The broad goal of this competition is to use a wide range of data to predict the major risk factors of COVID-19's spread and impact on the U.S. in the near future. In responding to this pandemic, predicting which areas will be hardest hit in the near future is critical for properly distributing medical resources and enacting public health policy. In service to this goal, students will be asked to create a model which predicts, at any given point in time, what the effect COVID-19 will have in each county in the United States 2 weeks in the future.
Modeling the spread of disease is of central importance in protecting lives around the world. This competition was designed in almost daily consultation with epidemiologists, virologists, and modelers from Caltech, UC Berkeley, Stanford, UCSF, and elsewhere, identifying a central issue in COVID-19 research and organizing a team of experts to help judge students' results. The field of epidemiology seeks to quantify predictions, enabling better policies to be formed in response to tragic outbreaks. The COVID-19 project held in CS 156b this term directly support this response, introducing novel data science methods to address a critical problem. Models such as these have informed decisions about Ebola, Zika, and other major crises. Indeed, early models introduced by Imperial College London shaped U.K. policy. The vital importance of these models has brought a recent call to action from the Royal Society to produce better prediction models using techniques including data science; this announcement follows only a few months after a similar CDC $3 million mission to forecast the flu with data science. CS 156b seeks to improve such results and make them more robust and effective in tracking the pandemic to save lives.
The TAs will provide a canonical set of data for all competitors to use. Some of these data (e.g. demographics and past flu infection rates) will be fixed for the duration of the projects. Other data (e.g. new COVID cases) will be changing in real time over the course of the competition.

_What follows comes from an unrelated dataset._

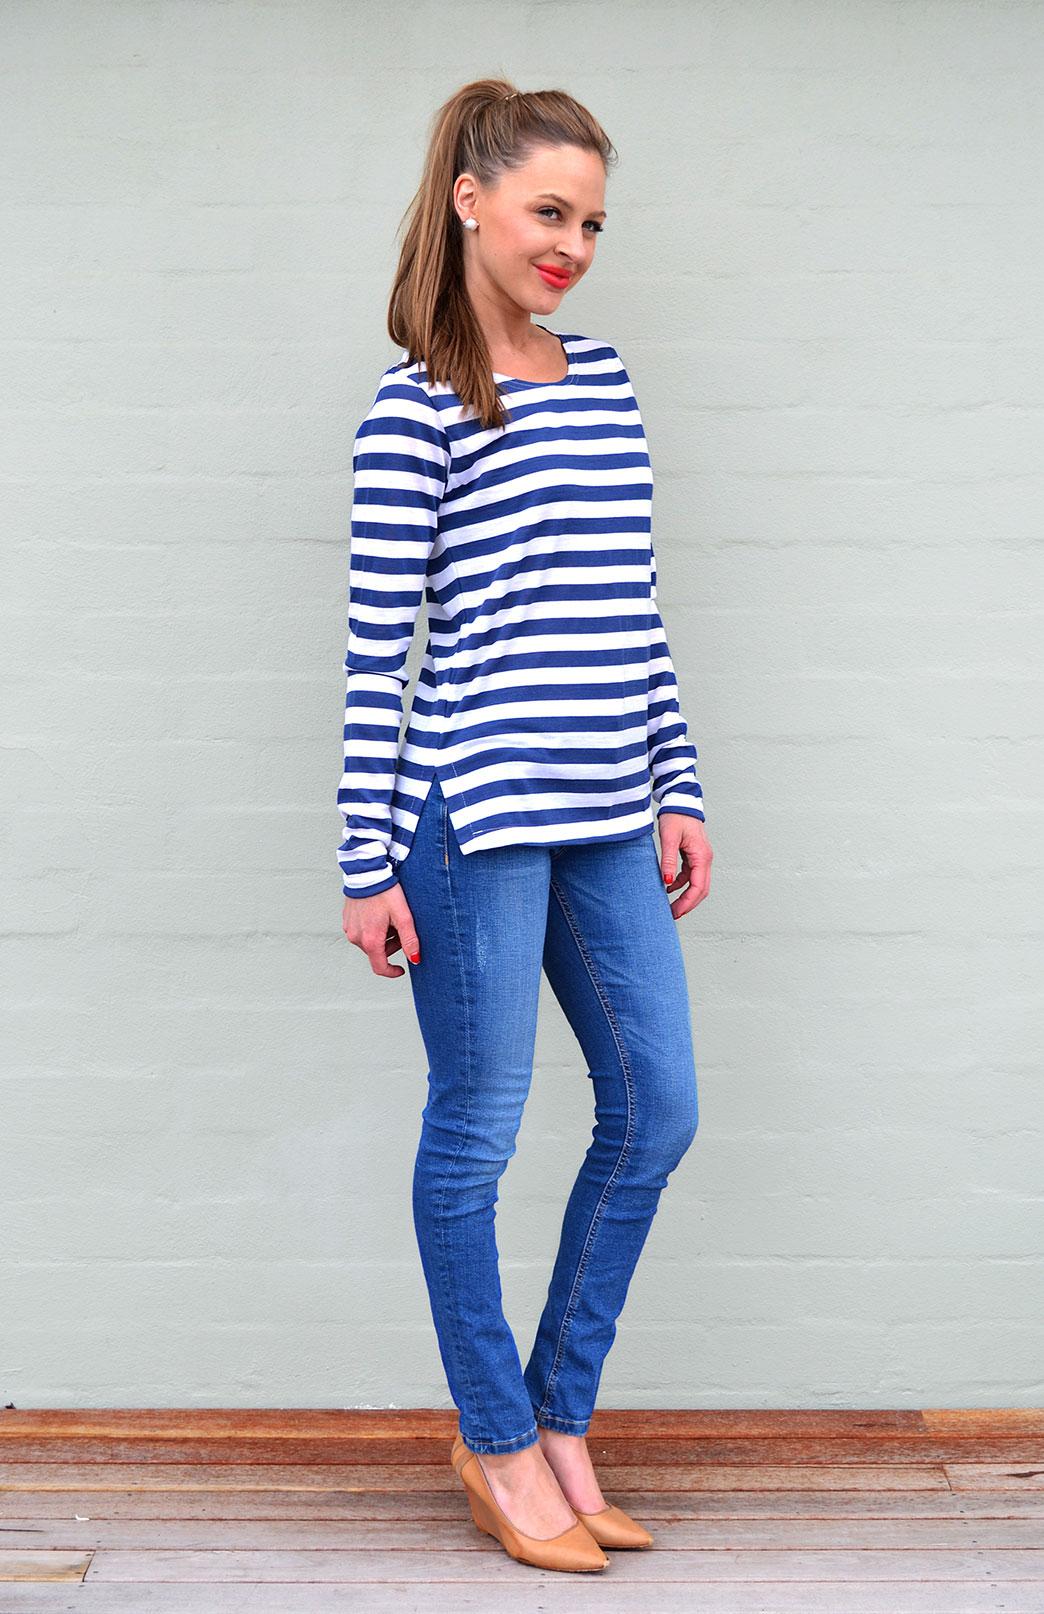 Lucy Top - Women's Long Sleeve Striped Wool Top - Smitten Merino Tasmania Australia

All publicly available data will be distributed in the form of a git repo; instructions for accessing it are provided in the Initial Setup section below. It will be up to teams to manage how often they update the data being used to train their models. Each new update will contain all past versions of the variable datasets as well, so teams do not need to keep their own archives.
In order to help with this research, Unacast has agreed to provide us with proprietary social distancing data which are not publicly available. Instructions for accessing these data will be posted on the Piazza page. These data should not be distributed outside of Caltech or used for any purpose outside of COVID-19 research.
The canonical data set will be uploaded to the course HPC instance for teams to use. The dynamic data on the HPC will automatically be updated daily.
The canonical dataset is intended to cover a wide range of factors which may influence COVID spread, and we anticipate that teams will be able to attain good performance with those data alone. However, teams are also welcome to use any additional publicly accessible datasets they find which they think may be useful. This does come with some conditions:
Every team must create a private git repository to hold their data and code which is shared with the TAs. This repo must have the TAs’ master repo set as a remote upstream in order to pull live data as it updates during the competition. Instructions for setting this up are available at Git Repo Initial Setup.
Since a criticial purpose of these projects is to contribute to the epidemiological community, we emphasize both model performance and clarity of final reports. The reports will be evaluated by an expert committee of epidemiologists, virologists, and modelers to ensure validity and usefulness to the broader community.
In crafting a public health response to COVID-19 it is important to know many different things about its spread, including the number of infected individuals, the number of those infected requiring intensive care, and the survival rate due to the disease. However, many of these metrics are highly sensitive to the availability of tests, a factor which cannot effectively be predicted. Thus, we are focusing on absolute survival rate as an evaluation metric since it should closely reflect the true number of lives saved from the disease.
The spread of COVID-19 is inherently semi-random and dependent on many external factors. In order to reflect this, rather than asking teams to predict a specific survival rate we are asking them to predict a likelihood distribution of different survival rates. A pinball loss will be used to evaluate scores, encouraging predicted distributions to be both accurate and confident. An introduction to this metric can be found at this webpage, and more formal descriptions are provided in the introduction of this paper and in this paper. If the metric proves unreliable in some way during the course of the competition, it may be substituted for a better metric.
As this research problem relates to an immediate public health concern, we do not wish to restrict teams from using whatever resources possible to construct the best models they can. As such, teams are allowed to collaborate as much as they want, up to and including exchange of code. Students are also allowed to examine and make use of code which has been publicly posted by research groups from other universities who have been working on COVID modeling. The only condition is that if a team uses any code they did not write (outside of standard data science or ML packages), they must post a link to that code publicly on the Piazza forum and also mention it in their progress report. We ask under the honor code that students do not blindly copy and paste code which they do not understand.